100s lines of code that (as discussed several times before) largely duplicate
code already *in* DTrace.  We have discussed this several times now - I think
it is time to put that argument to rest.
> 
> > The code
> > provides for using a callback function that is used for the actual processing
> > of the data chunks, and assuming the code here does what it needs to do: call
> > the callback function for each chunk in order, and verify return value of the
> > callback function to ensure the data was processed without problems, it does
> > what it is meant to do.
> > 
> > > Right now, my understanding is that rodata is some big linear space
> > > where I can dump blocks of data.? I'm given the linear offset to each
> > > block.? There is protection against duplicates.? The "write" function
> > > presumably dumps that linear space to somewhere designated by a
> > > pointer.? Why should I need to specify anything other than that
> > > pointer?? Why should I have to go looking at the writer function to
> > > figure out what the func argument is supposed to be?
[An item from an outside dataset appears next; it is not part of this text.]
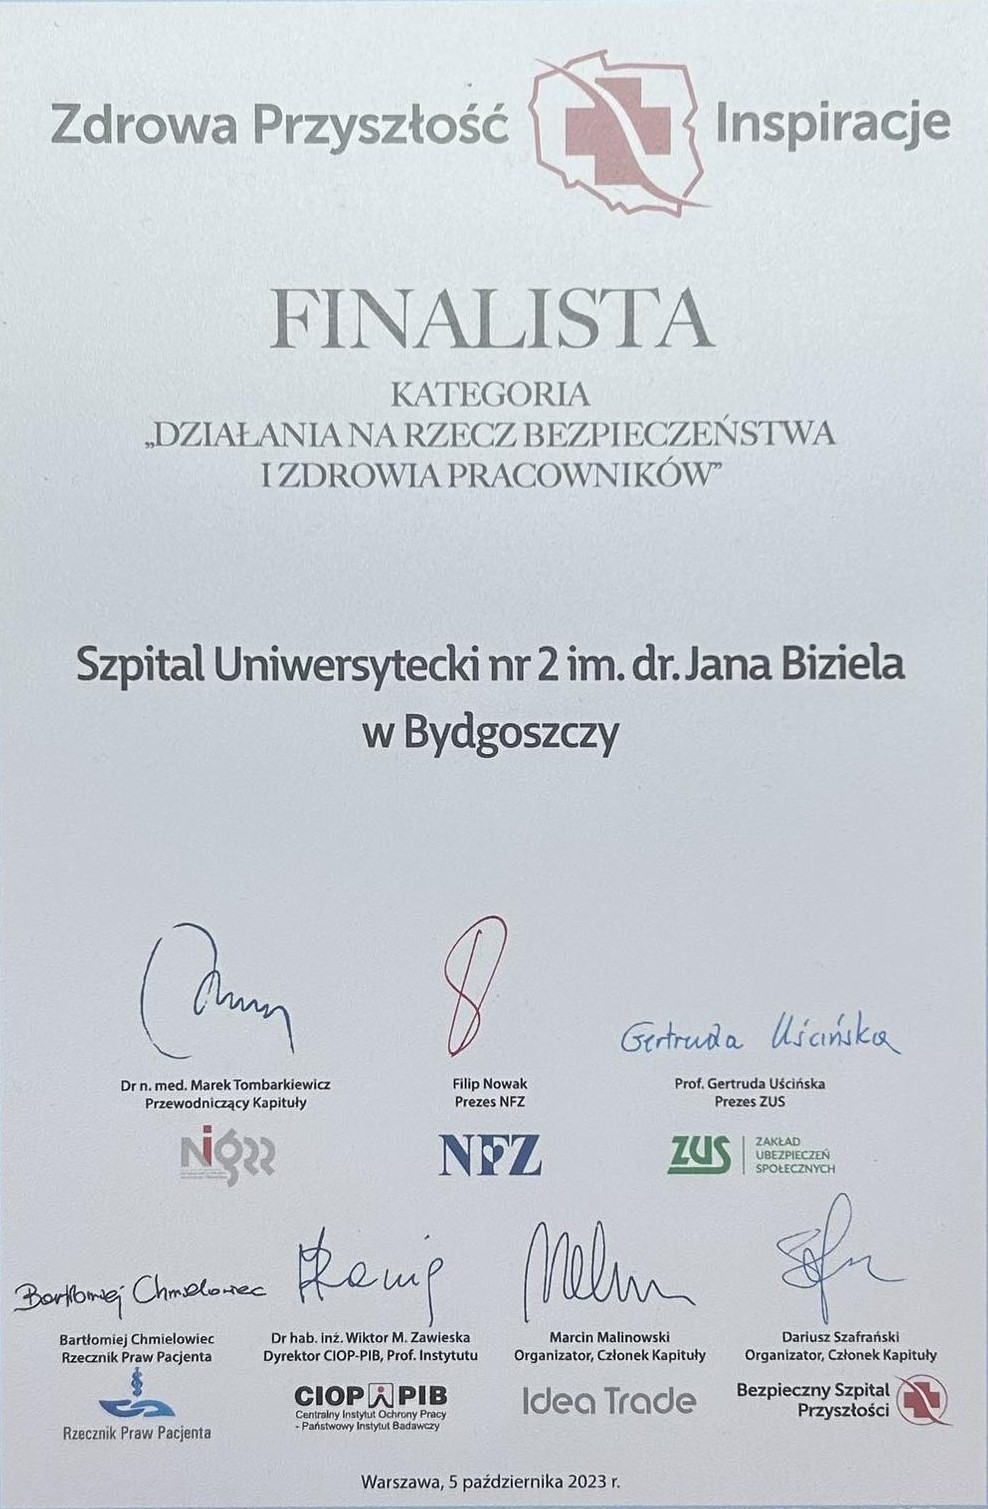 Szpital Uniwersytecki nr 2 im. dr. Jana Biziela w Bydgoszczy wśród finalistów szóstej edycji konkursu

> > Because, as I explain above, this function can support more callbacks.  It is
> > quite common when this programming technique is used that you need to consider
> > the call chain:
> > 
> > File A defines a callback function cb and calls an iterator function for some
> > opaque data structure, passing in cb to do the actual work.  This way the
> > actual implementation details of the data structure are encapsulated and in
> > a sense hidden from the code using it.  Which means it can change without the
> > need to change the code that uses it.
> 
> It seems to me that an iterator is very different.  In that case, you have a bunch of like things and the iterator does not need to know what those things are.
> 
> Here, I *thought* we were simply packing a memory area.  Stuff is loaded in (without producing any duplicates) and then we flush/dump it out.  I would think nothing beyond memcpy would be needed at this point.  If any processing had to take place on the data, it would already have taken place.  Specifically, if the data is going to grow, you're in trouble since the offsets are already baked in.  If the data is going to shrink, you'll be wasting space.  The only thing we know about the data is that they're sitting in some linear space.

Aside from the fact that e.g. something like the strtab may want to do the
truncation of strings to strsize using the callback.  No need to make
assumptions about what the callback may or may not do.  That is outside the
scope of this patch.  The patch provides a function that will feed the data
in chunks to a callback - does it do so correctly or not?